The attack was carefully planned, including the destruction of the bridge, “to deny security forces access to the area during execution,” Plateau state Gov. Simon Lalong said in a statement.

The destruction of the bridge delayed police from swiftly intervening during the attack, said Edward Egbuka, Plateau state commissioner of police.

“We received distress calls at about 8 p.m., and my area commander got there before 9 p.m., but they were unable to enter the village because the bridge was damaged,” Egbuka told The Epoch Times in Jos.

“They came down, but of course in that kind of situation you don’t just run in, you could be ambushed. By the time they moved in with the STF [Special Task Force, a joint command including police and military], the Civil Defense, and others, these idiots had perpetrated what they wanted and left.”

The police have arrested leaders of the Muslims in dispute with the Christian villagers as “first suspects,” according to Egbuka.

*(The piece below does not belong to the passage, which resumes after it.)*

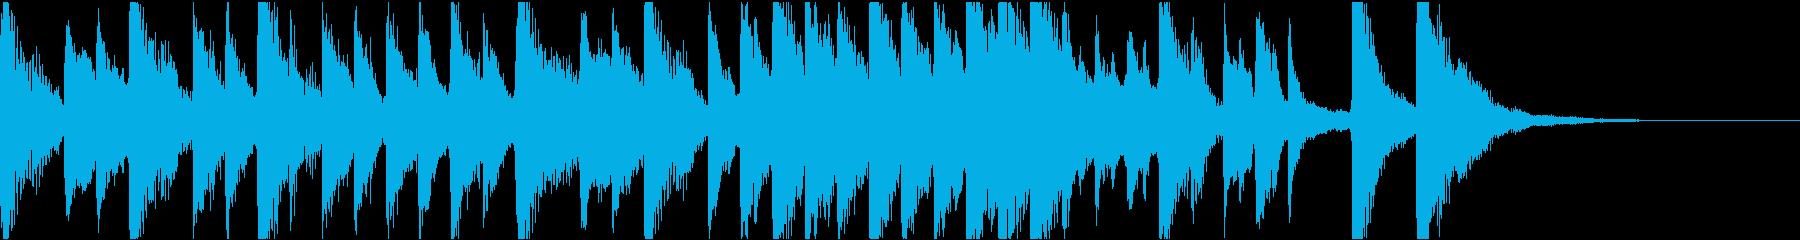 クラシック調のコミカル/ジングルの再生済みの波形

“We have arrested some leaders of the neighboring communities because they had had issues for two weeks,“ he said. ”And this issue was a small thing—nobody died. The security never expected this type of thing. The issue they had was on graveyard land. Nobody died. So we did not expect this type of action. ... So for them to go back and do this, of course, they are the first suspects because they are the ones that quarreled with these people.”

Sixteen people were burned to death in this house during an Aug. 24 terror attack on the Christian village of Yelwan Zangam, Nigeria, on Aug. 25, 2021. (Masara Kim/The Epoch Times)
Sixteen people were burned to death in this house during an Aug. 24 terror attack on the Christian village of Yelwan Zangam, Nigeria, on Aug. 25, 2021. (Masara Kim/The Epoch Times)

Continuing Terror

Violence against Christians in Plateau state has persisted for years without federal intervention, according to Istifanus Gyang, the senator representing Plateau North in the Nigerian Parliament.

“The situation in Plateau is that of a people abandoned to their fate by the federal government,” Gyang said in an Aug. 15 statement. “I am gravely disturbed and outraged by the serial and continuing terror attacks on communities in Plateau state with thousands of lives brutally massacred over the years and still continuing.

“It is disheartening that Plateau people are targeted, isolated, and killed with no sympathy, no empathy, no attention nor relief to affected communities, no statement from the appropriate quarters,” Gyang said in the statement, issued by his spokesperson.

President Muhammadu Buhari’s response to the killings in Plateau and adjourning states of the Middle Belt has been cold, because they don’t affect Muslims, Gad Shamaki, the leader of the Jos protest march, told The Epoch Times by phone.

“It’s an indication of an agenda to eliminate Christians,” said Shamaki, the Nigerian deputy country director of the U.S.-based nongovernmental organization Equal Access International.

“If you look at it from Kaduna to Plateau, to Benue and other states of the Middle Belt, out of 10 attacked schools, nine are owned by churches. Out of 10 kidnap victims, nine are Christians. Out of 10 attacked communities, hardly would you find one that is not 100 percent Christian, and it shows clearly that there is an agenda that the president himself is a part of, since he cannot openly condemn or demonstrate the will to stop the attacks, despite billions of dollars allocated to defense annually.”

Kunle Olawunmi, a professor of global security studies, accused Buhari of having an agenda to Islamize Nigeria in an Aug. 25 interview with Channels TV.

“Some people have this mindset to Islamize the nation, and they are in the government,“ said Olawunmi, a former commodore in the Nigerian navy. ”And people know them. The DSS [Department of State Security] knows them. The NIA [National Intelligence Agency] knows them. The DIA [Defense Intelligence Agency] knows them. ... Why is the commander in chief of the armed forces quiet?”